### GIVEN DATA
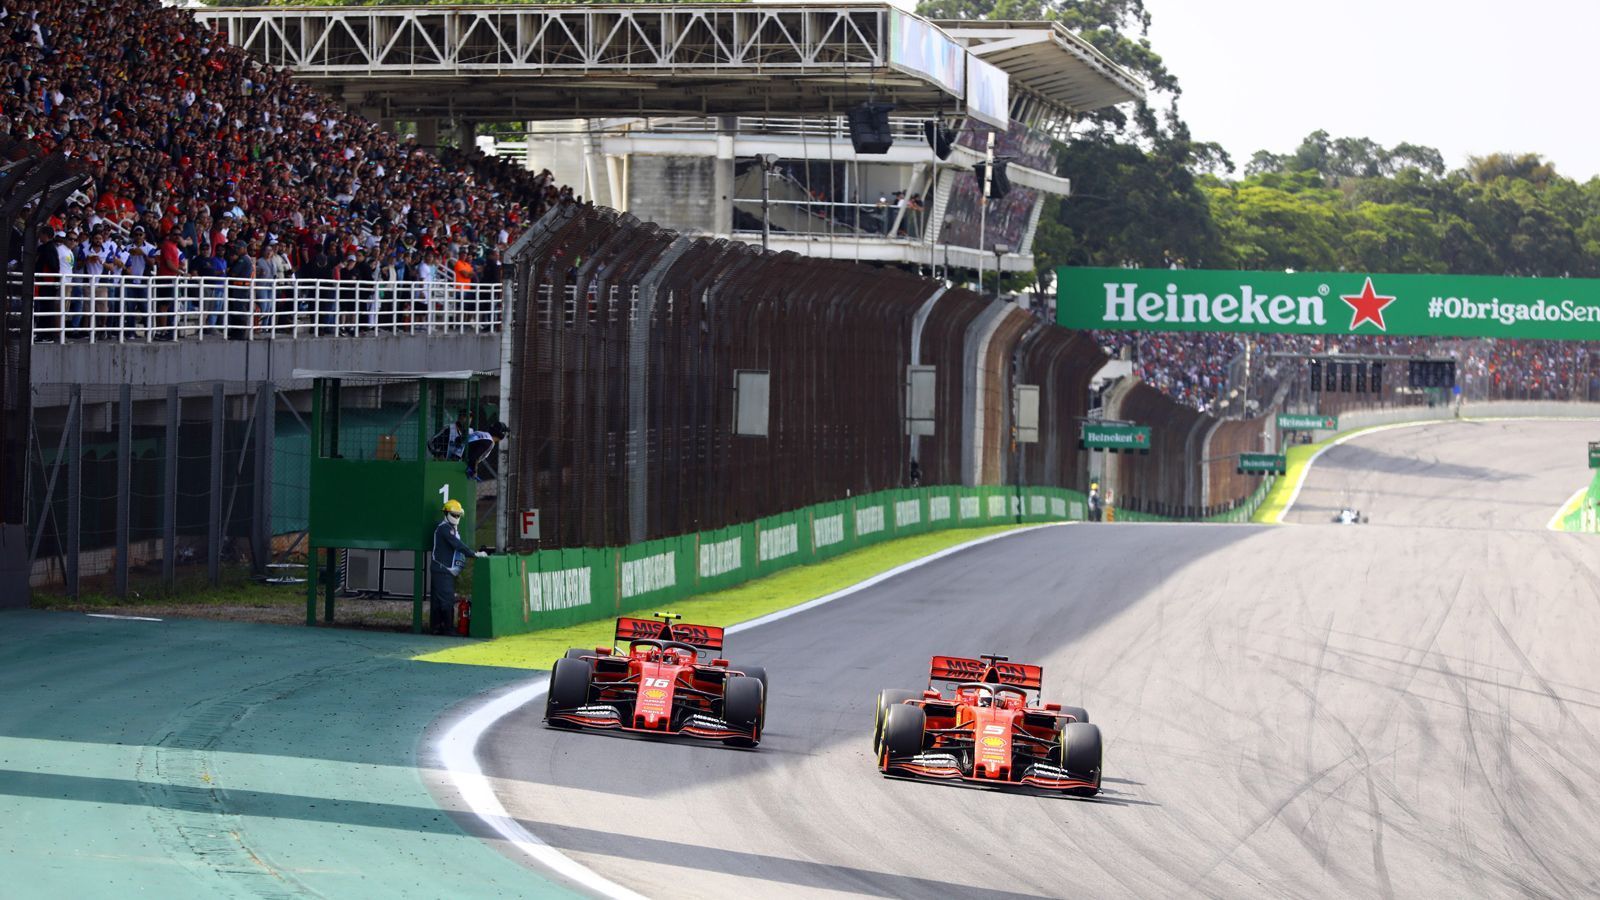 
                <strong>Fahrersituation: Kein Ende des Zoffs in Sicht</strong><br>
                Auch 2020 ist kein Ende der teaminternen Rivalität in Sicht. "Charles hat ein Jahr Erfahrung mit uns hinter sich. Sie werden auf demselben Level sein, sie können beide darum kämpfen, vorne zu sein", sagte Teamchef Mattia Binotto. Klar ist also nur, dass nichts klar ist. Wie im vergangenen Jahr tragen Vettel und Leclerc ihren Zweikampf mit offenem Visier auf der Strecke aus, während Mercedes und Red Bull mit klaren Nummer-1-Fahrern in die Saison gehen.
              
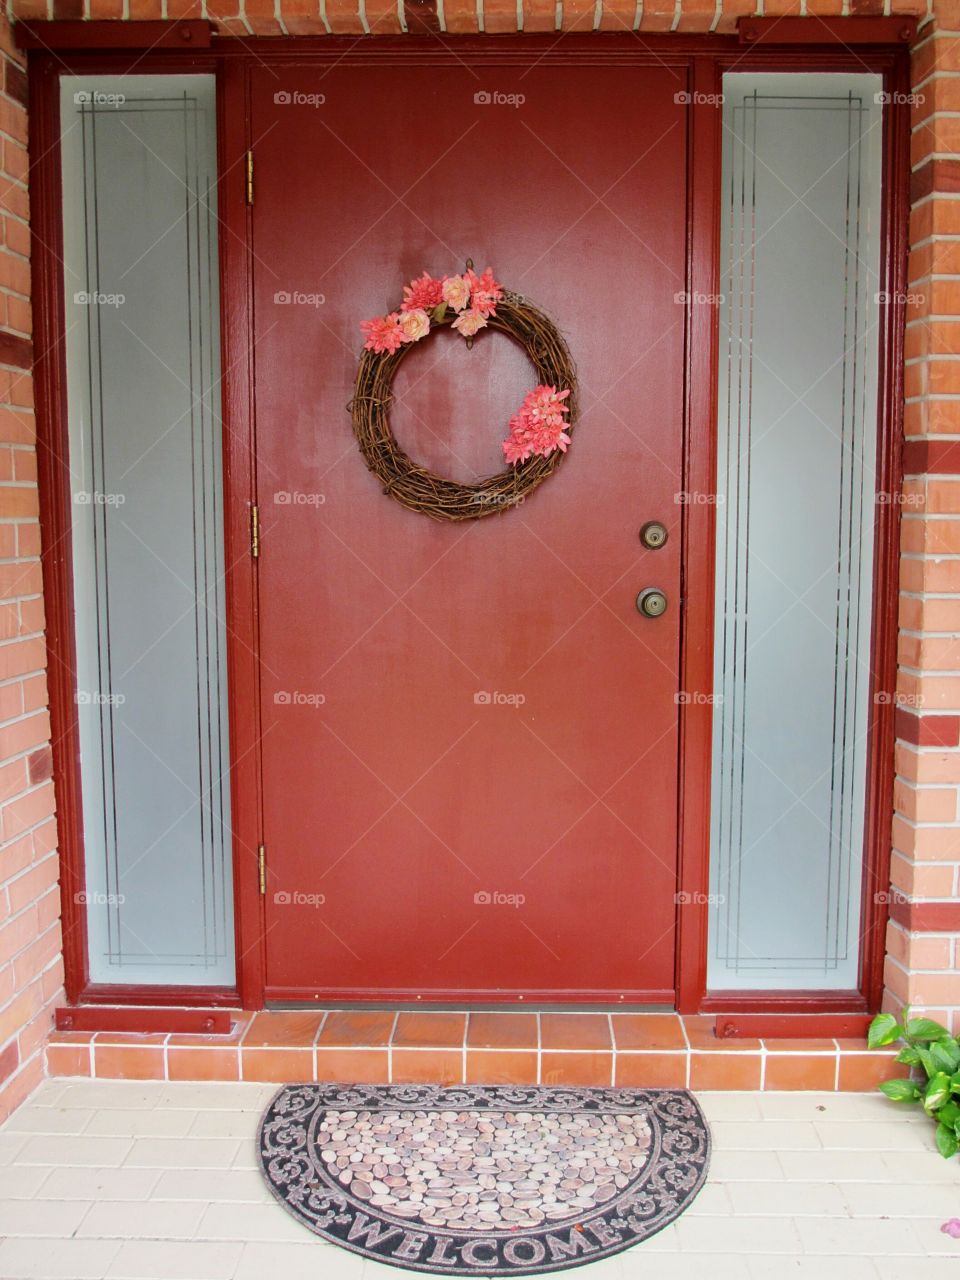 welcoming home's front door
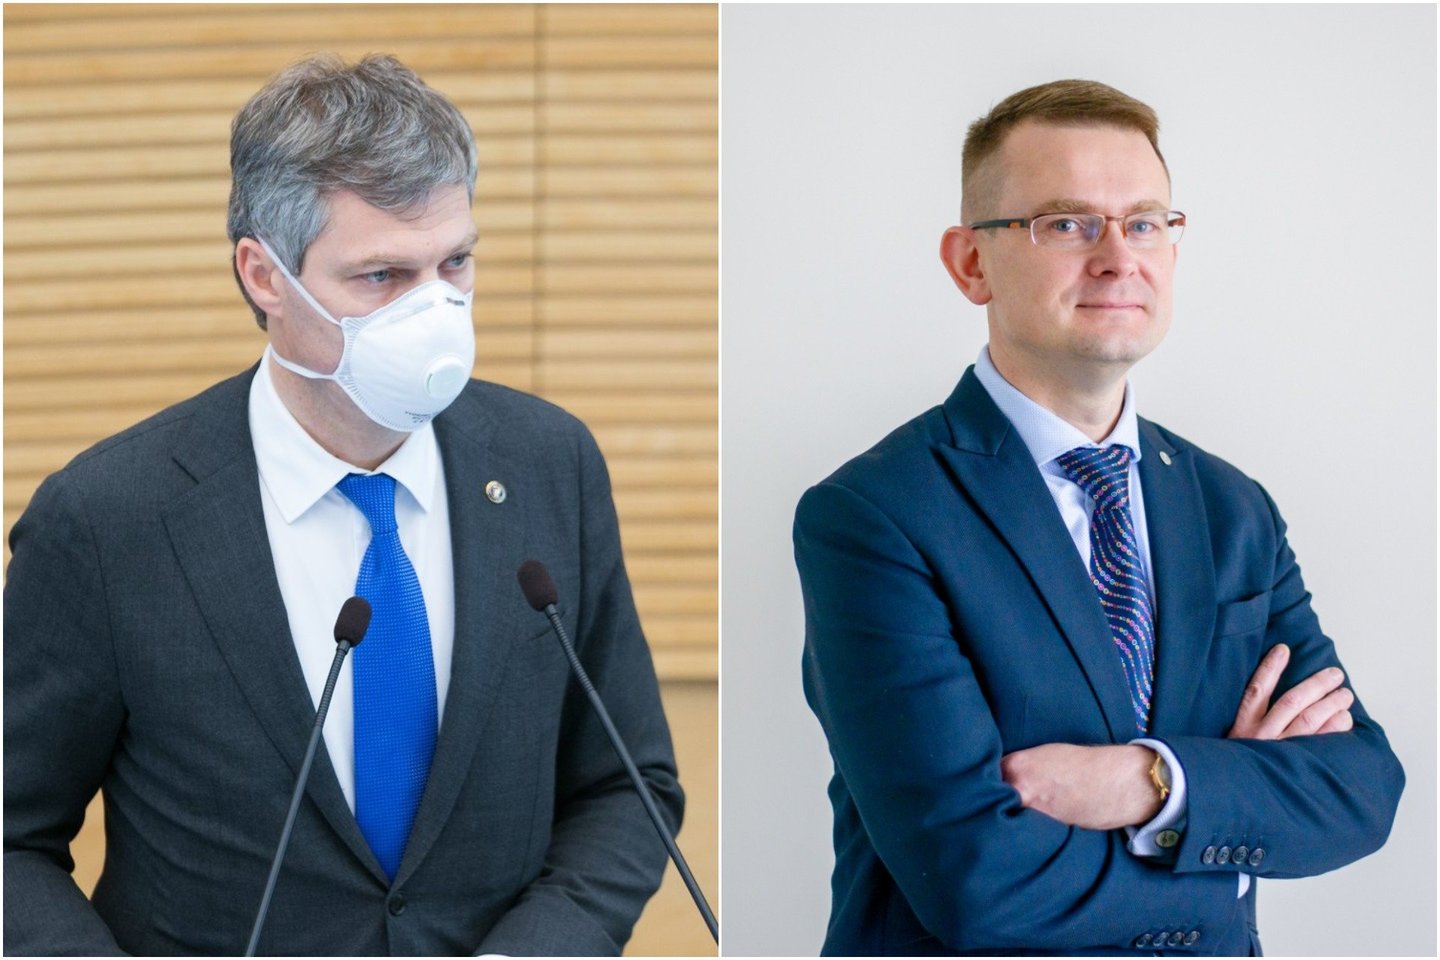 Seimas gana darniai balsavo už tai, kad D.Jauniškis (kairėje) toliau vadovautų VSD, tačiau nesutiko atleisti valstybės kontrolieriaus A.Dulkio.<br> lrytas.lt koliažas.

### WHAT NEEDS TO BE DONE
Pictures stay out of the answer; the rest of the listing above is returned exactly.

### OUTPUT
                <strong>Fahrersituation: Kein Ende des Zoffs in Sicht</strong><br>
                Auch 2020 ist kein Ende der teaminternen Rivalität in Sicht. "Charles hat ein Jahr Erfahrung mit uns hinter sich. Sie werden auf demselben Level sein, sie können beide darum kämpfen, vorne zu sein", sagte Teamchef Mattia Binotto. Klar ist also nur, dass nichts klar ist. Wie im vergangenen Jahr tragen Vettel und Leclerc ihren Zweikampf mit offenem Visier auf der Strecke aus, während Mercedes und Red Bull mit klaren Nummer-1-Fahrern in die Saison gehen.
              
 welcoming home's front door
 Seimas gana darniai balsavo už tai, kad D.Jauniškis (kairėje) toliau vadovautų VSD, tačiau nesutiko atleisti valstybės kontrolieriaus A.Dulkio.<br> lrytas.lt koliažas.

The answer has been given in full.